Reputation: 737
I have a excel sheet with varying number of sheets in it (it can have 2 sheets or 3 sheets or just depends on the user). Headers of all the sheets are same. (first two rows are considered as headers)
I want to merge all these sheets and put it into a single dataframe.

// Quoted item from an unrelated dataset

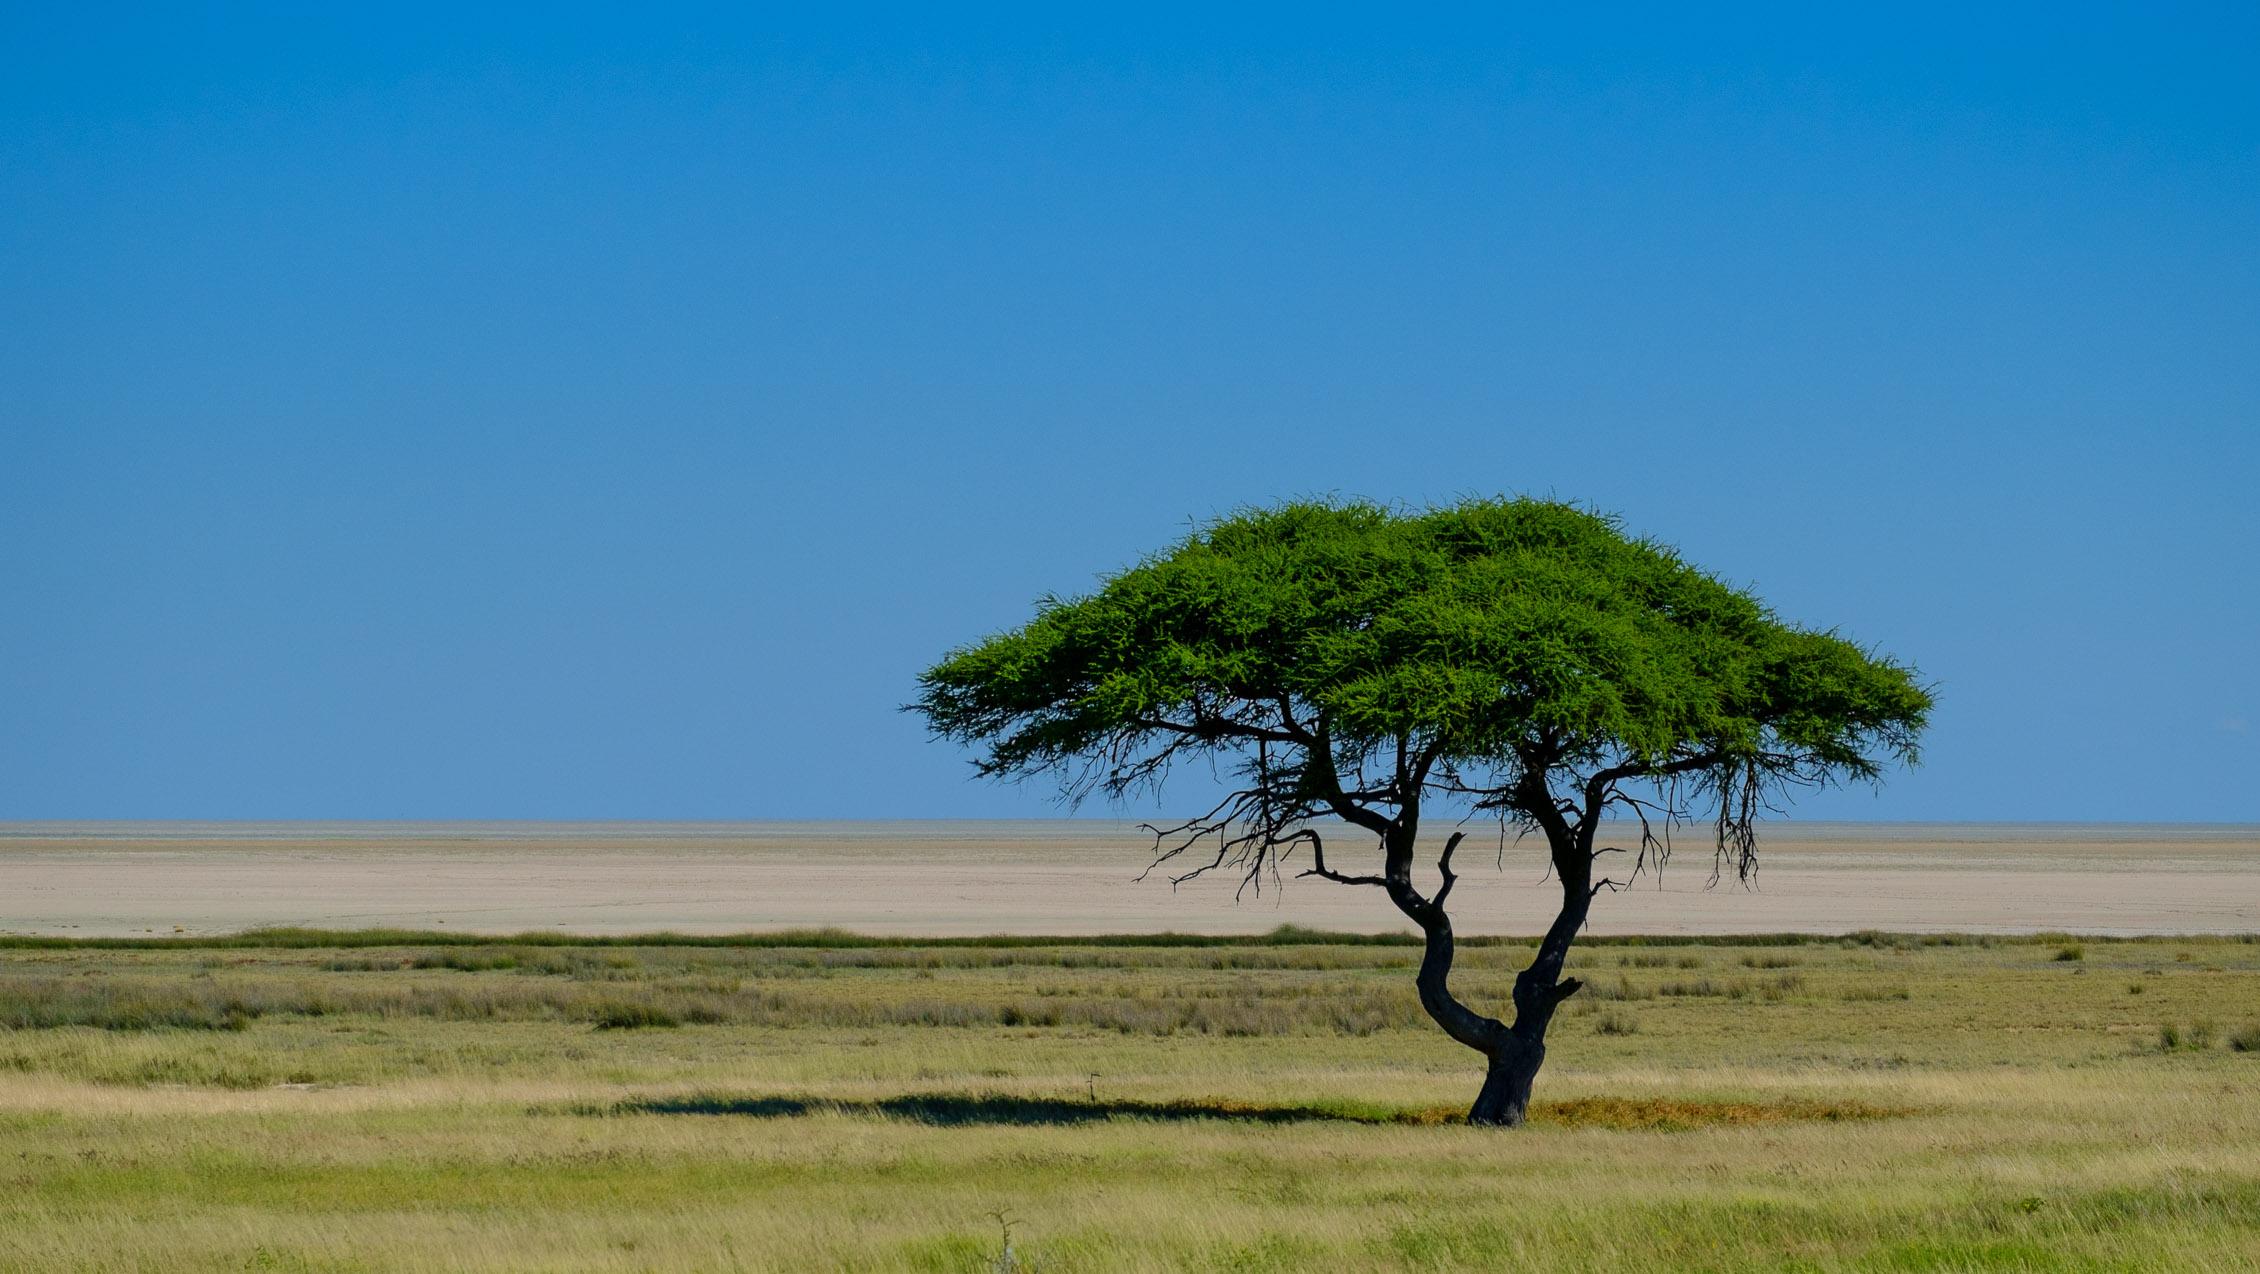 Namibia: Die Landschaft, die Farben, die Weite… – schönergesehen.de

The files are of .xlsx format. and each sheets contain huge number of rows (30 columns and 8000 rows).
I am a beginner in reading excel files in R. I am going through them, in the mean time if anyone knows how to implement this please let me know.
An example of Excel sheet is something like this Data
PS: I want to implement all this in shiny. so, please do mention if there is any efficient method for shiny.
ui.R
fileInput('file2', h5('Choose Your Observation Data'), accept=c('text/csv','text/comma-separated-values,text/plain','.xlsx'))
server.R
b <- reactive({
fileinput2 <- input$file2
if (is.null(fileinput2))
return(NULL)
#xlfile <- list.files(pattern = ".xlsx")
xlfile <- fileinput2[1]
wb <- loadWorkbook(xl_file)
sheet_ct <- wb$getNumberOfSheets()
b <- rbindlist(pblapply(1:sheet_ct, function(x) {
res <- read.xlsx(xl_file, x)
}), fill=TRUE)
b <- b [-c(1),]
print (b)
})
Upvotes: 0
Views: 1527
Reputation: 78792
You can start with A million ways to connect R and Excel. This is a basic snippet to get you a bit further along using the xlsx
package. It's java-based and it's s l o w, hence the use of progress bars.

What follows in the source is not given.